ヒトは、ある年に他のヒトから贈与された財産に課される贈与税を、翌年の3月15日までに申告して納める必要があります。贈与とは、ヒトが自分の財産をタダで他のヒトにあげるという意思を伝え、その他のヒトがそれをもらうという意思を伝えることで効力が生じます。

 

ただし、1年間に贈与された財産の合計が110万円以下であれば、贈与税はかかりません。納税者が平成23年12月に贈与されたカネは110万円以下でしたが、平成24年12月に贈与されたカネは110万円を超えていました。

 

そこで、納税者は、平成24年12月に贈与されたカネについて、贈与税の申告をしました。しかし、ここで話は終わりませんでした。

 

・税務当局が下した処分

 

「他にもらったカネはないか?」

 

税務当局は、平成23年と平成24年のカネの流れを調べました。そして、平成23年4月と平成24年10月にも、お父さん名義の預金口座からカネが引き出され、納税者名義の預金口座にカネが振り込まれているのを発見しました。

 

納税者とお父さんとの間には、カネの貸し借りに関する契約はありませんでした。
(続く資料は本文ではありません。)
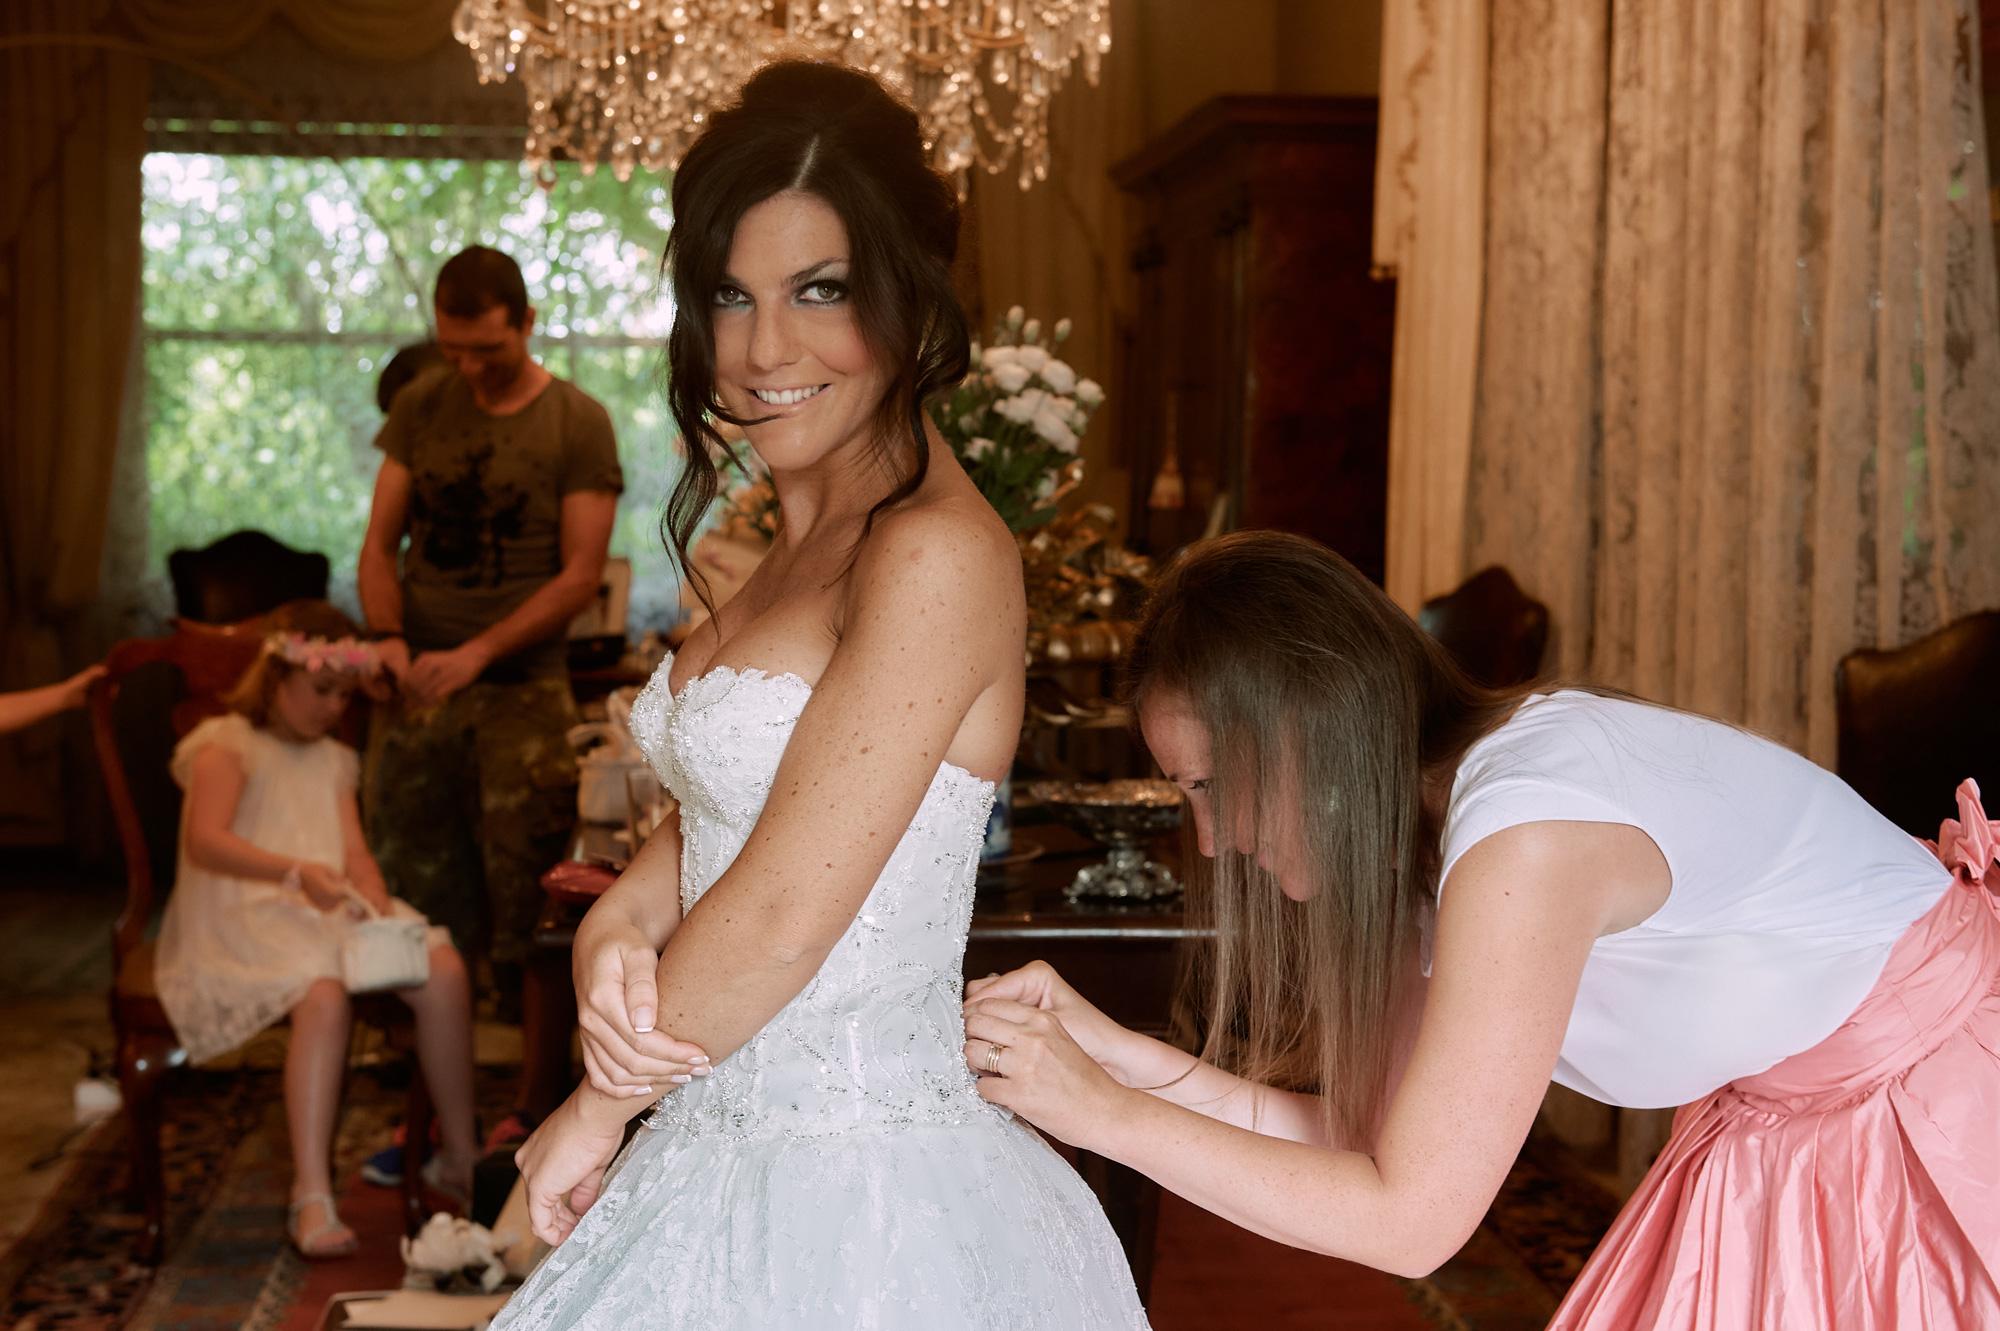 2 - ivano_di_maria_fotografo_matrimonio_ eli_franc

そのため、このカネの受渡しは、お父さんから納税者への贈与だと税務当局は考えました[図表1]。

 

振り込まれたカネは「贈与」か?
[図表1]振り込まれたカネは「贈与」か?

 

お父さんは、カネをあげるという意思をはっきりとは伝えていなかったかもしれません。でも、それは、お父さんと納税者との間のいわずもがなの了解事項だったと考えたわけです。そこで、税務当局は、平成23年4月と平成24年10月に振り込まれたカネについても、新たに贈与税を課す処分をしました。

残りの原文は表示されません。